[Opening Supplied data section]

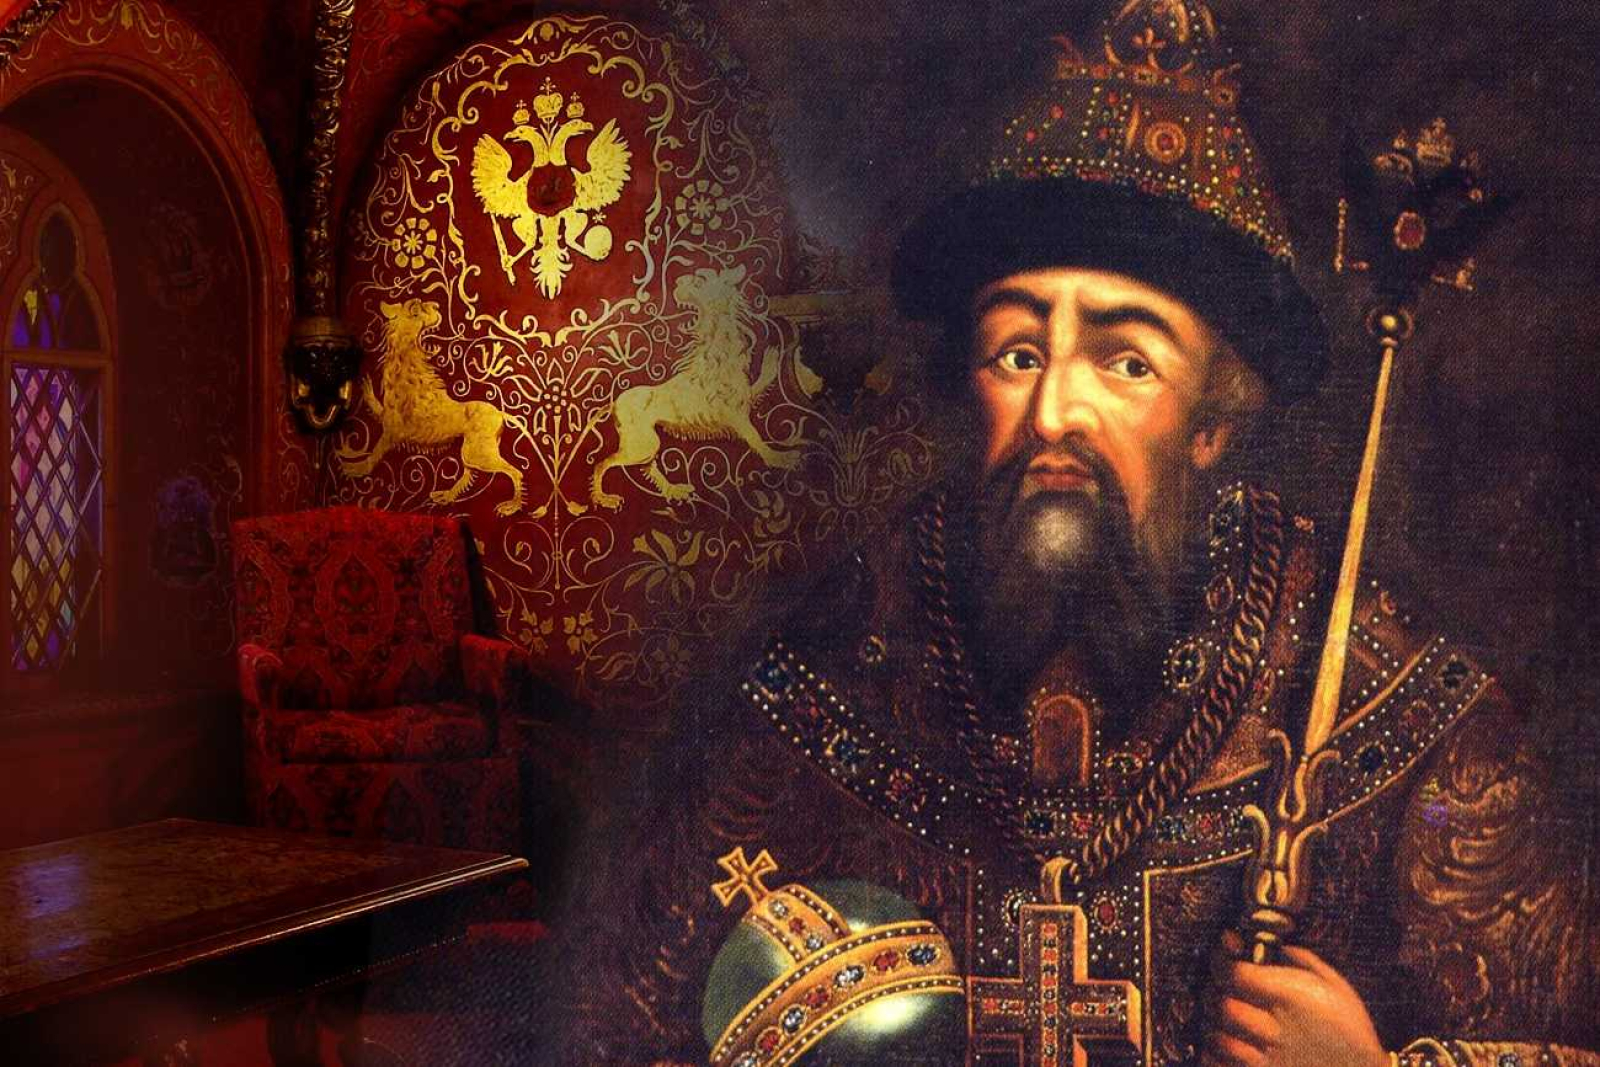 Иван IV Грозный 1533-1584
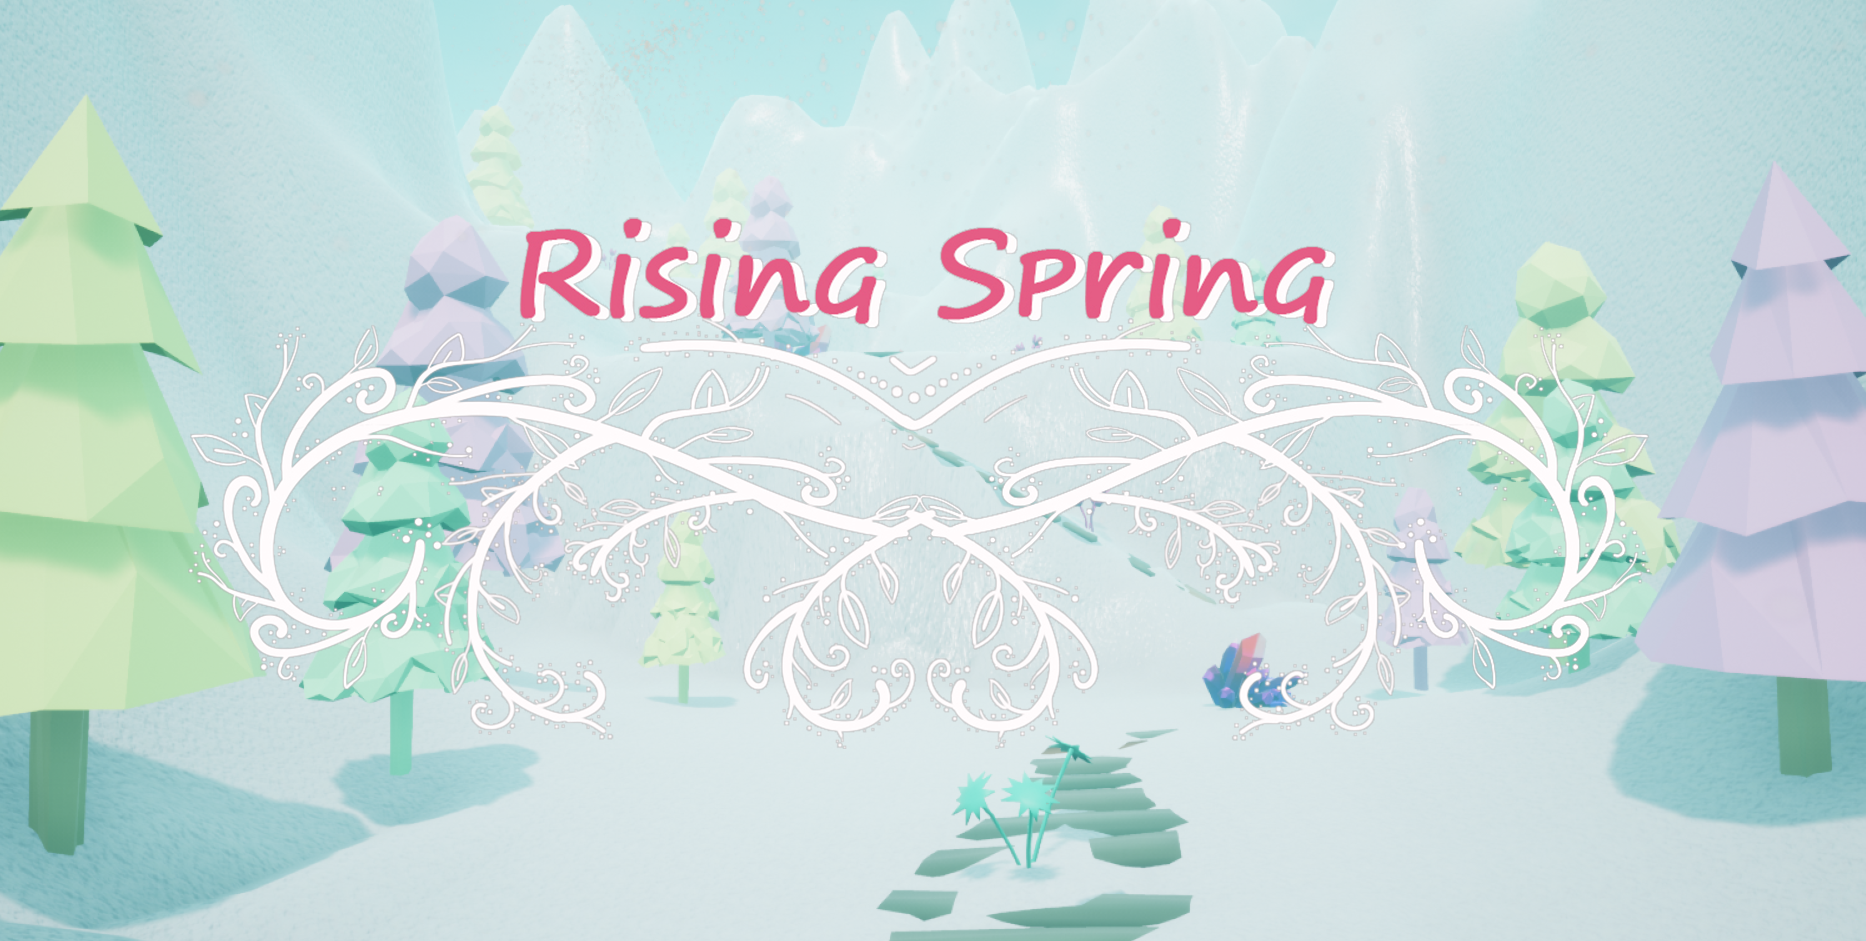 Rising Spring
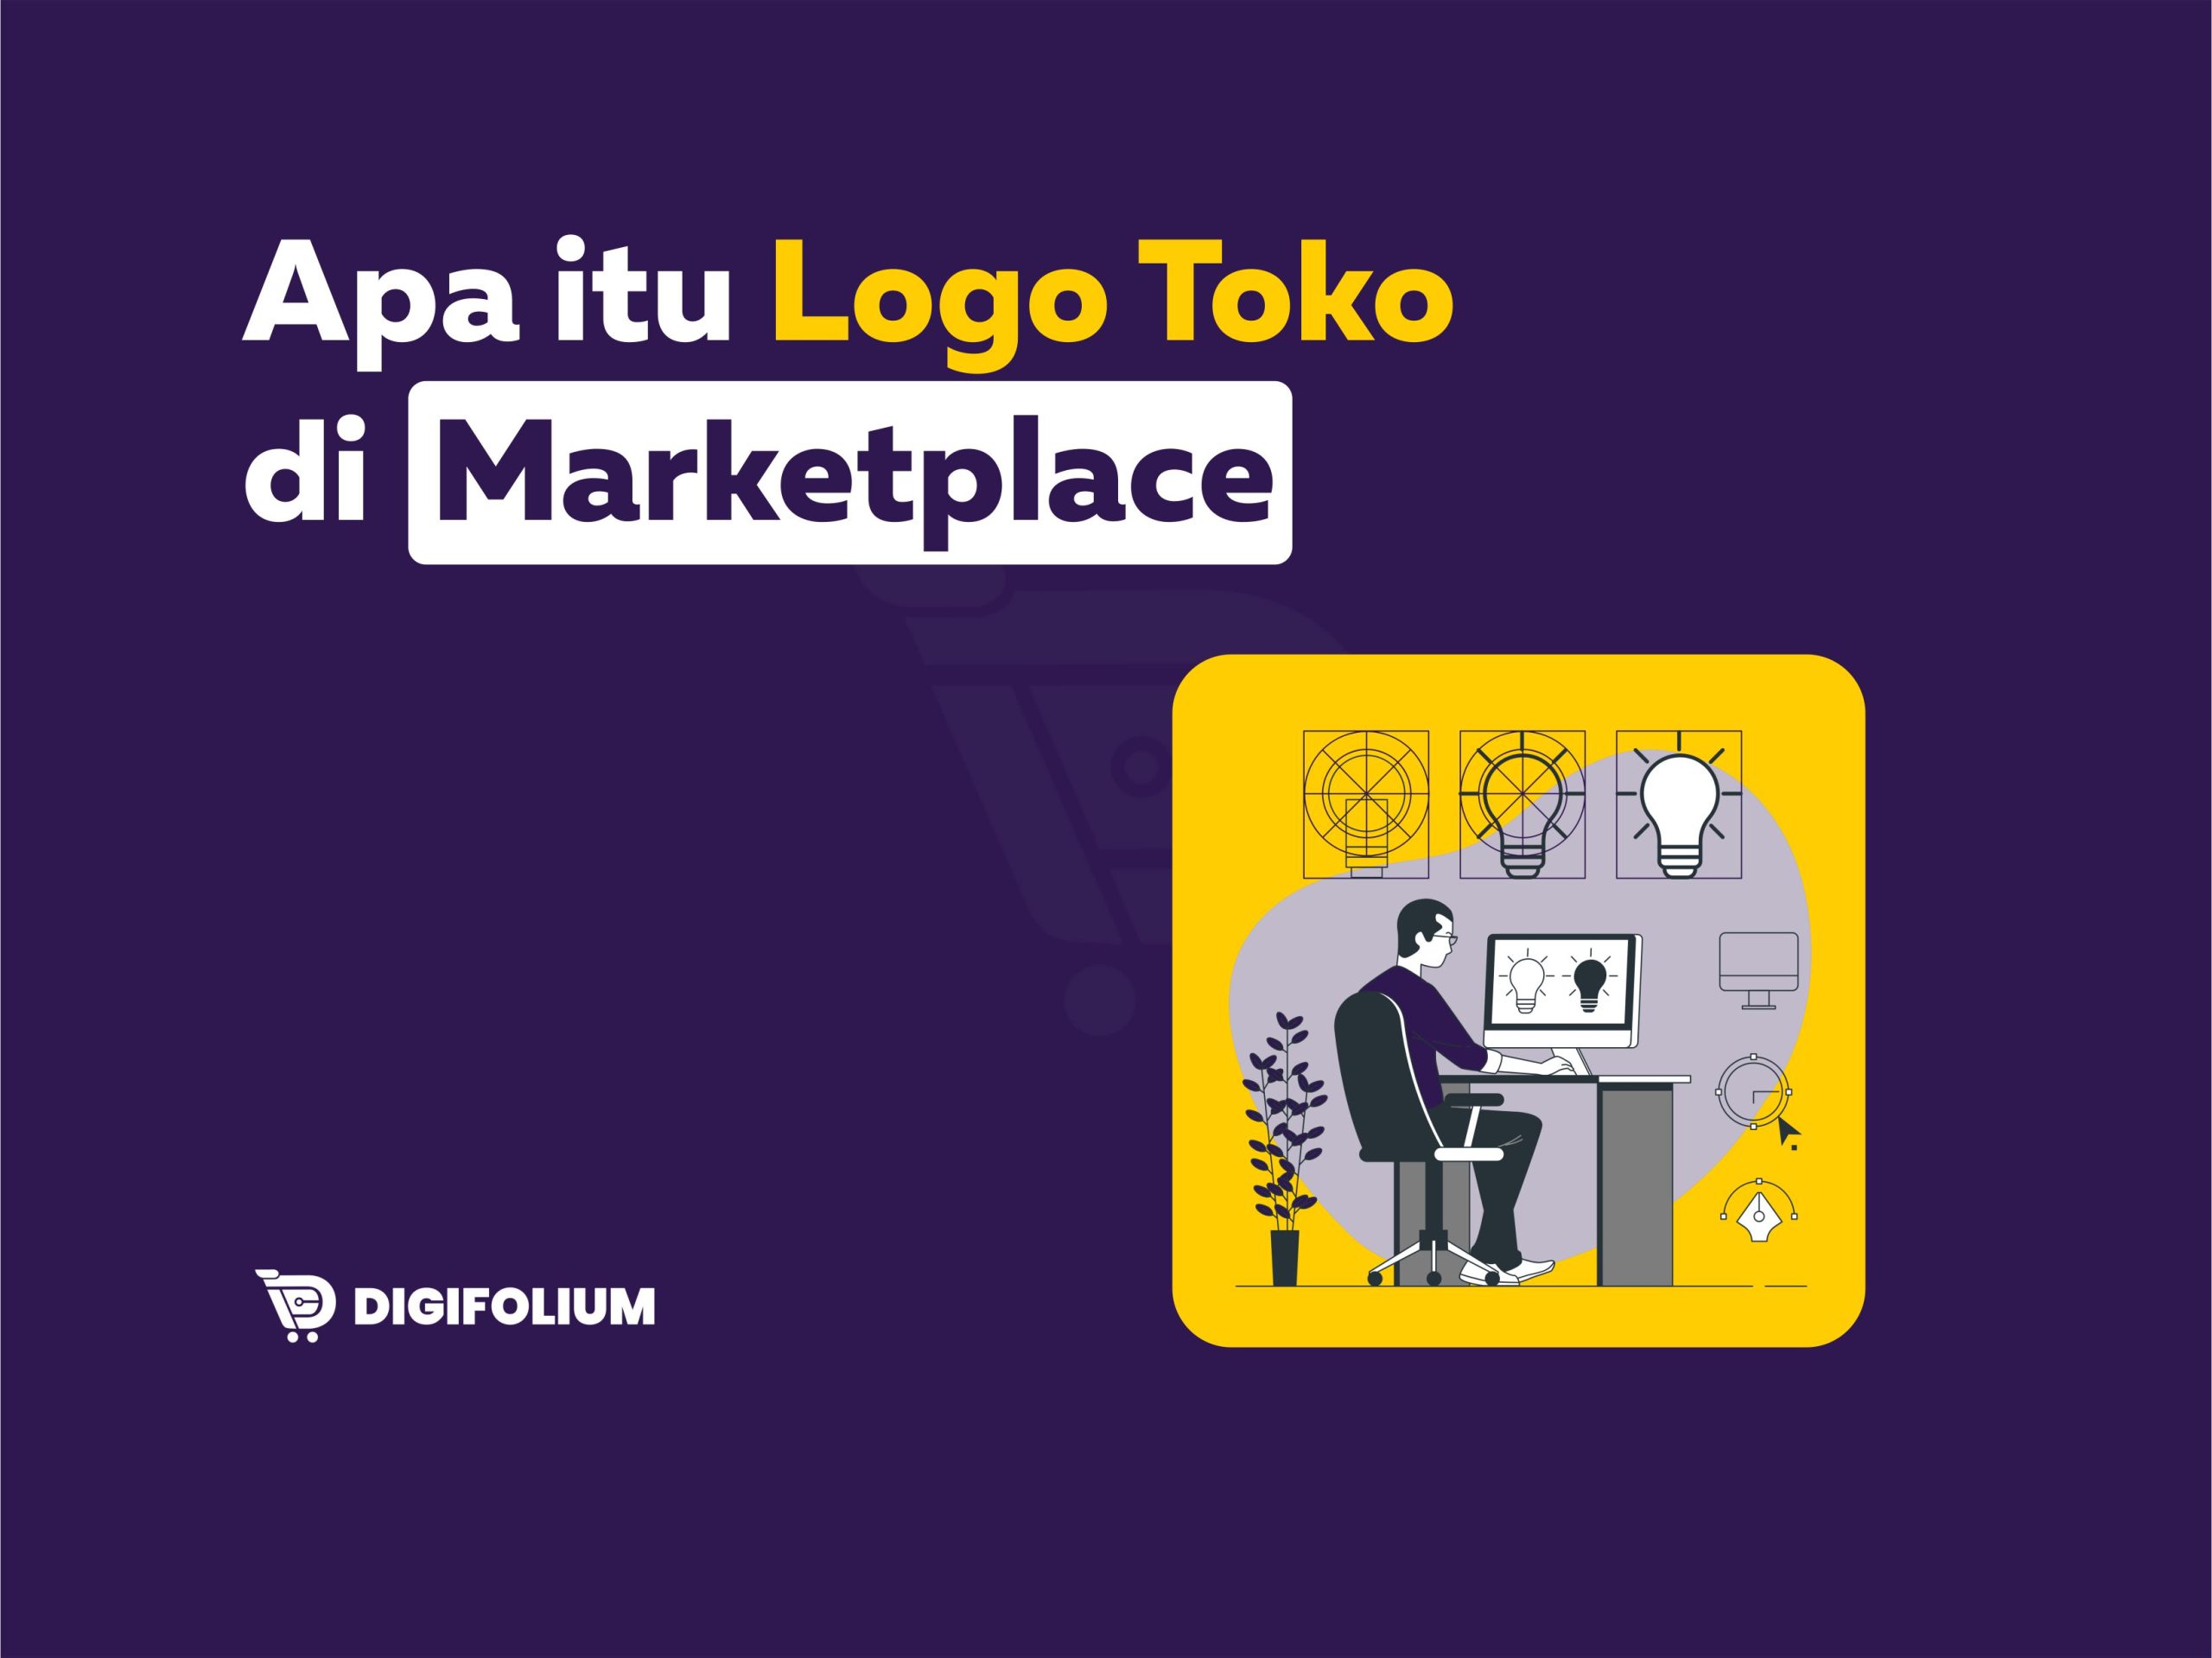 Apa Itu Logo Toko di Marketplace?
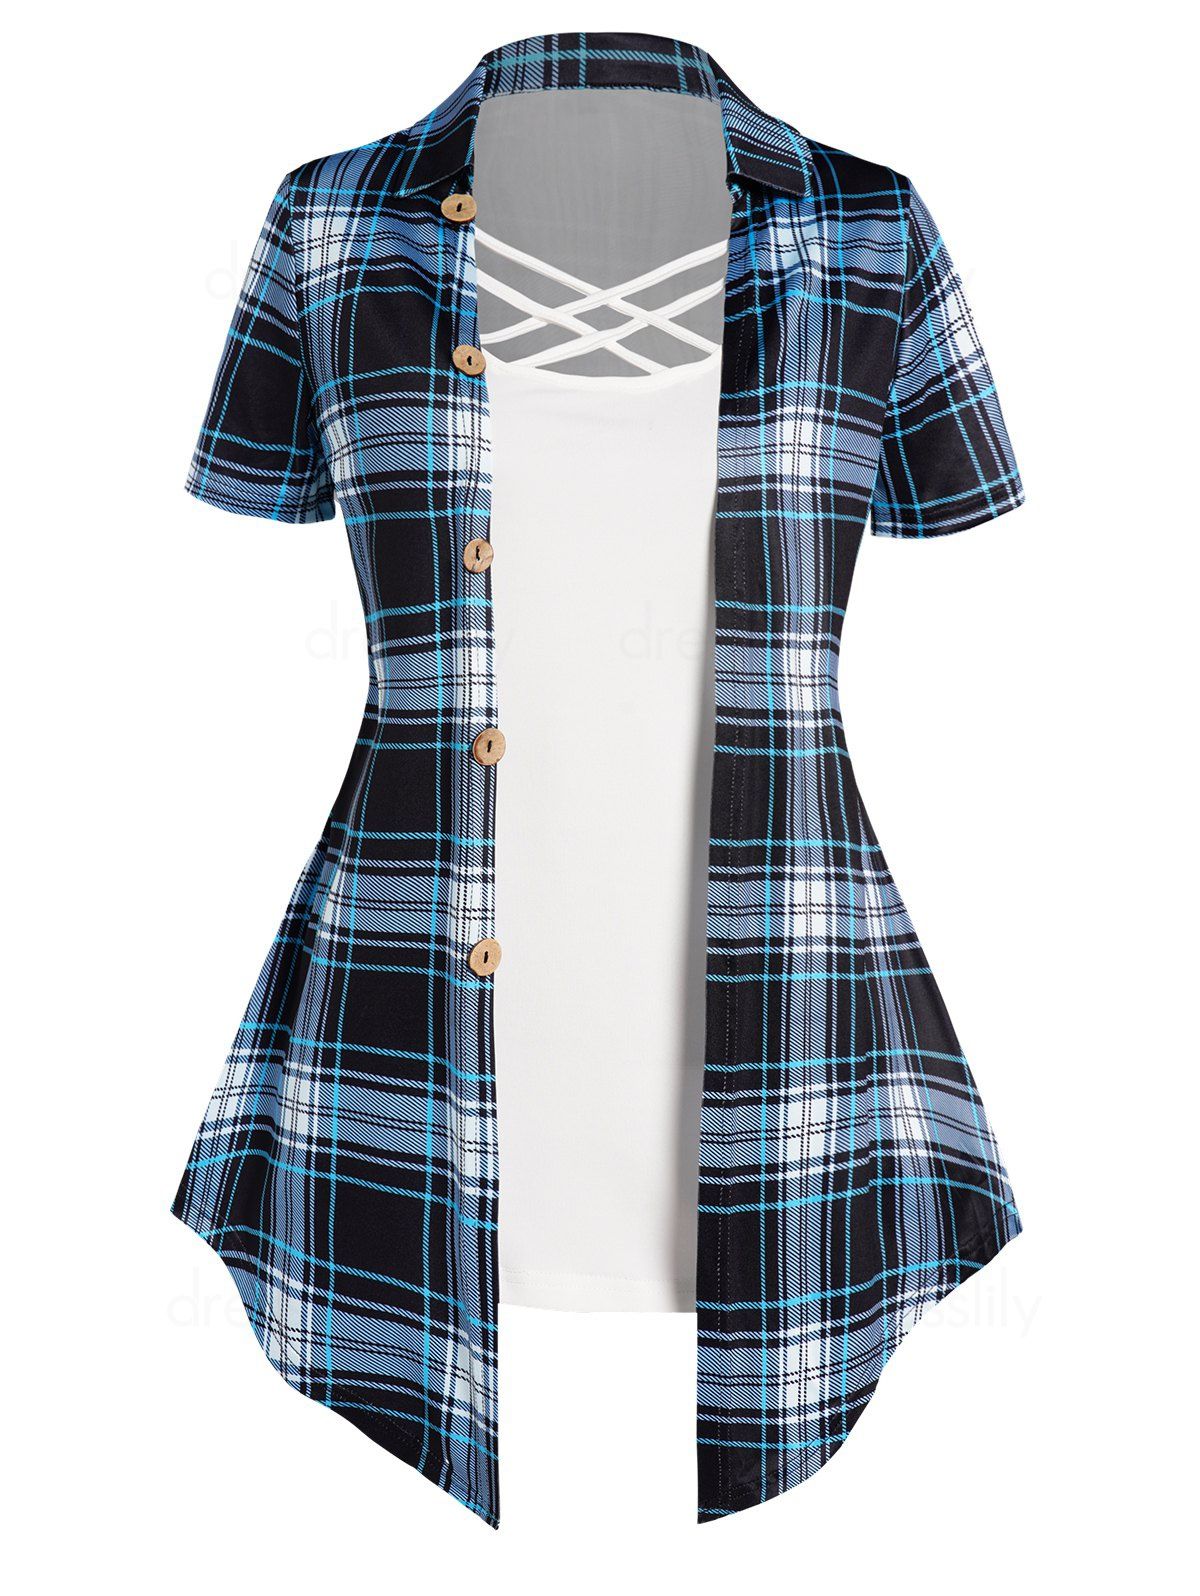 Casual Faux Twinset T Shirt Crisscross Plaid Print Mock Button Turn Down Collar Summer Tee - LIGHT BLUE XXXL

[Closing Supplied data section]

#### [Problem to work on]
Your reply should give again exactly the lines from the one with "Rising Spring" through the last line of the data, with both ends included and pictures left out.

#### [Response area]
 Rising Spring
 Apa Itu Logo Toko di Marketplace?
 Casual Faux Twinset T Shirt Crisscross Plaid Print Mock Button Turn Down Collar Summer Tee - LIGHT BLUE XXXL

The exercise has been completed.